Here’s a thread that goes into more detail about the from_logits parameter and what that means.

1 Like

Thank you giving the time for replying, much appreciated! But I still haven’t solved the problem:

  1. Should I set it to True? From the document it has been shown that the default is False (post activation), therefore I assume I should set to False.
    2… I have checked the shapes, I have 6 classes and 2 examples, therefore it should be (2, 6) , yet it yielded the wrong result. ( I set the from_logits = False)

Thank you again!

Thank you for reading my message! It is highly appreciaed!

Update: I have set the parameter to True and it passed, yet I still don’t get the idea, Can you help me understand it more intuitively?

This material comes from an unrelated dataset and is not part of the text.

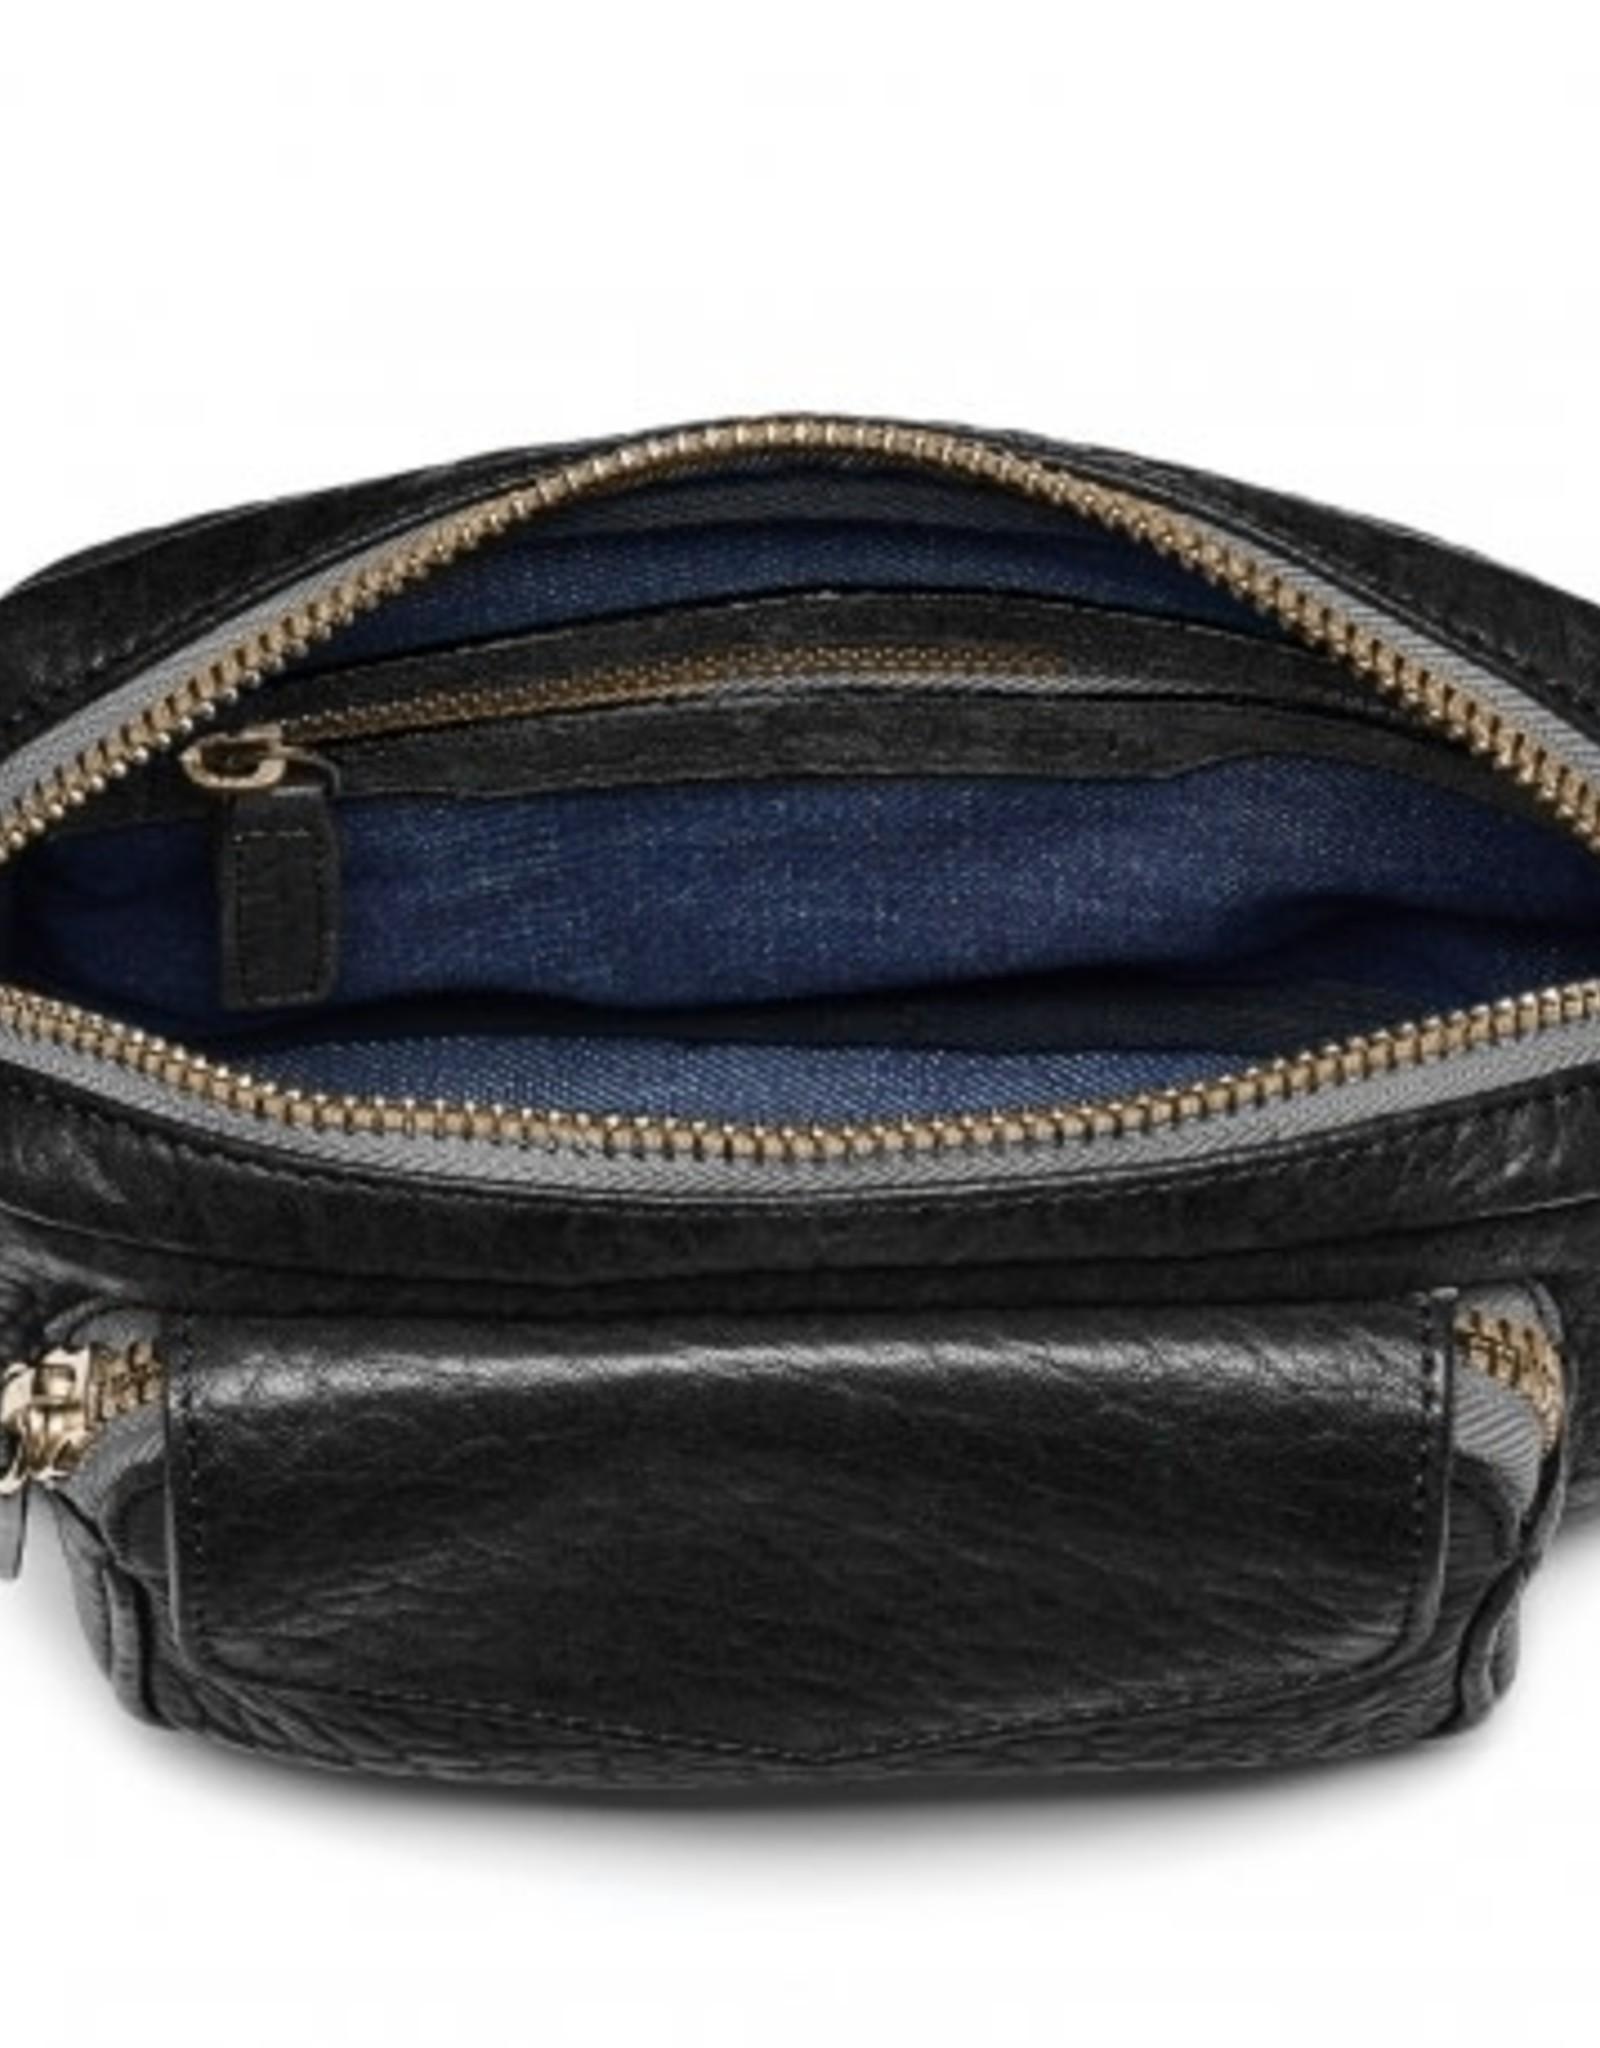 Claris Virot Charly Bag
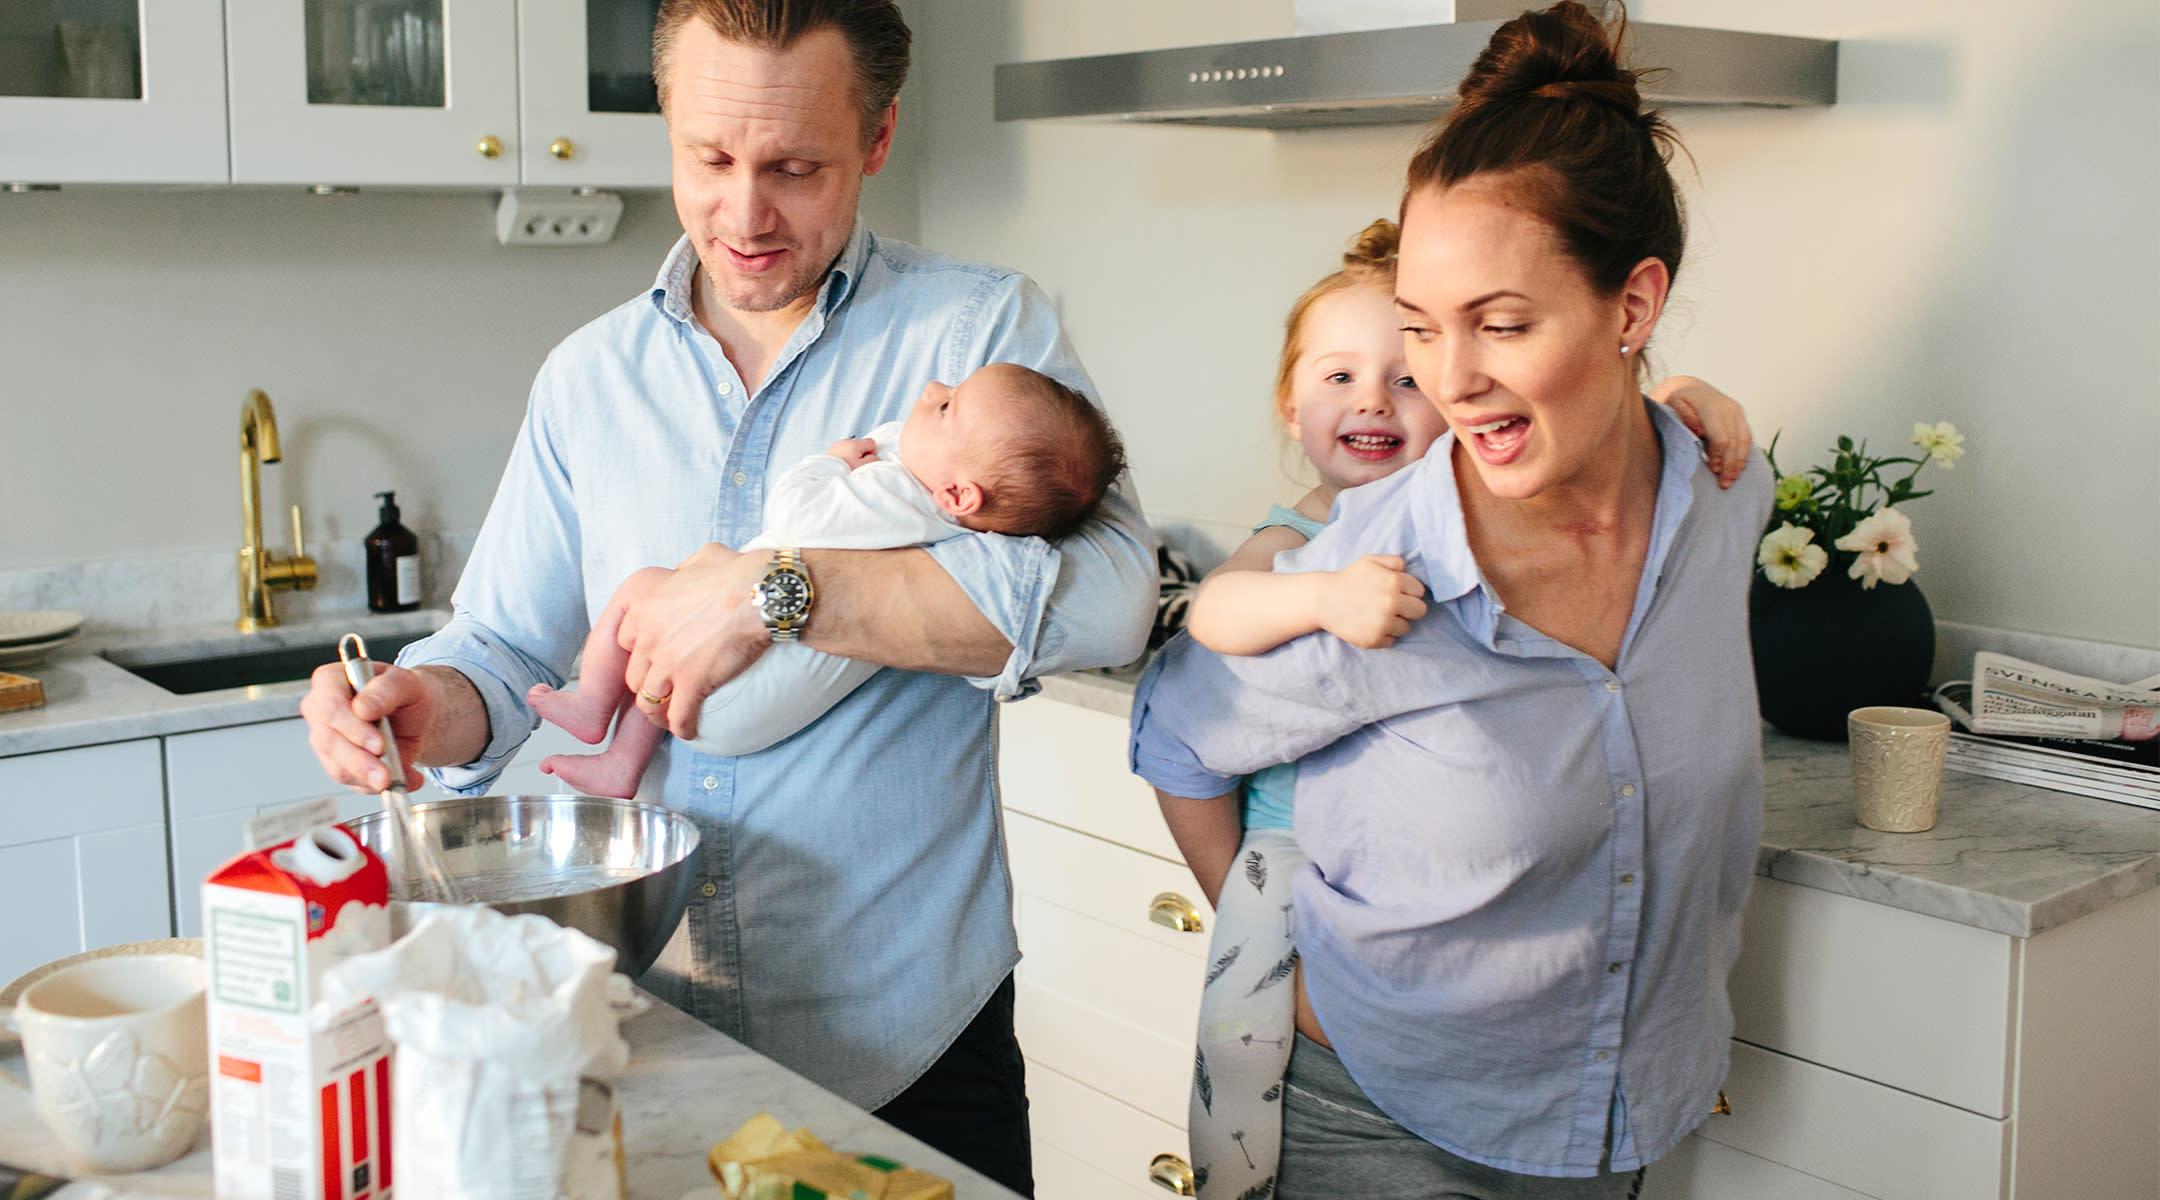 parents entertain hyper children in their kitchen while cooking

Notice that there is no activation function on the output layer for our forward propagation logic here. So the output is “logits”, meaning linear outputs, not activation outputs. That is why you need “True” as the value of from_logits to tell the cost function it is getting logits and needs to internally apply the activation function.

The other thread that I linked earlier also talks about this in some detail and explains the mathematical reasons why it is better to do it this way.

Just chiming in here, but I think it’s worth noting that just because the default value for an argument is false does not mean that false is the correct answer. Reading the documentation to learn what it means for that argument to be either true or false is cruicial.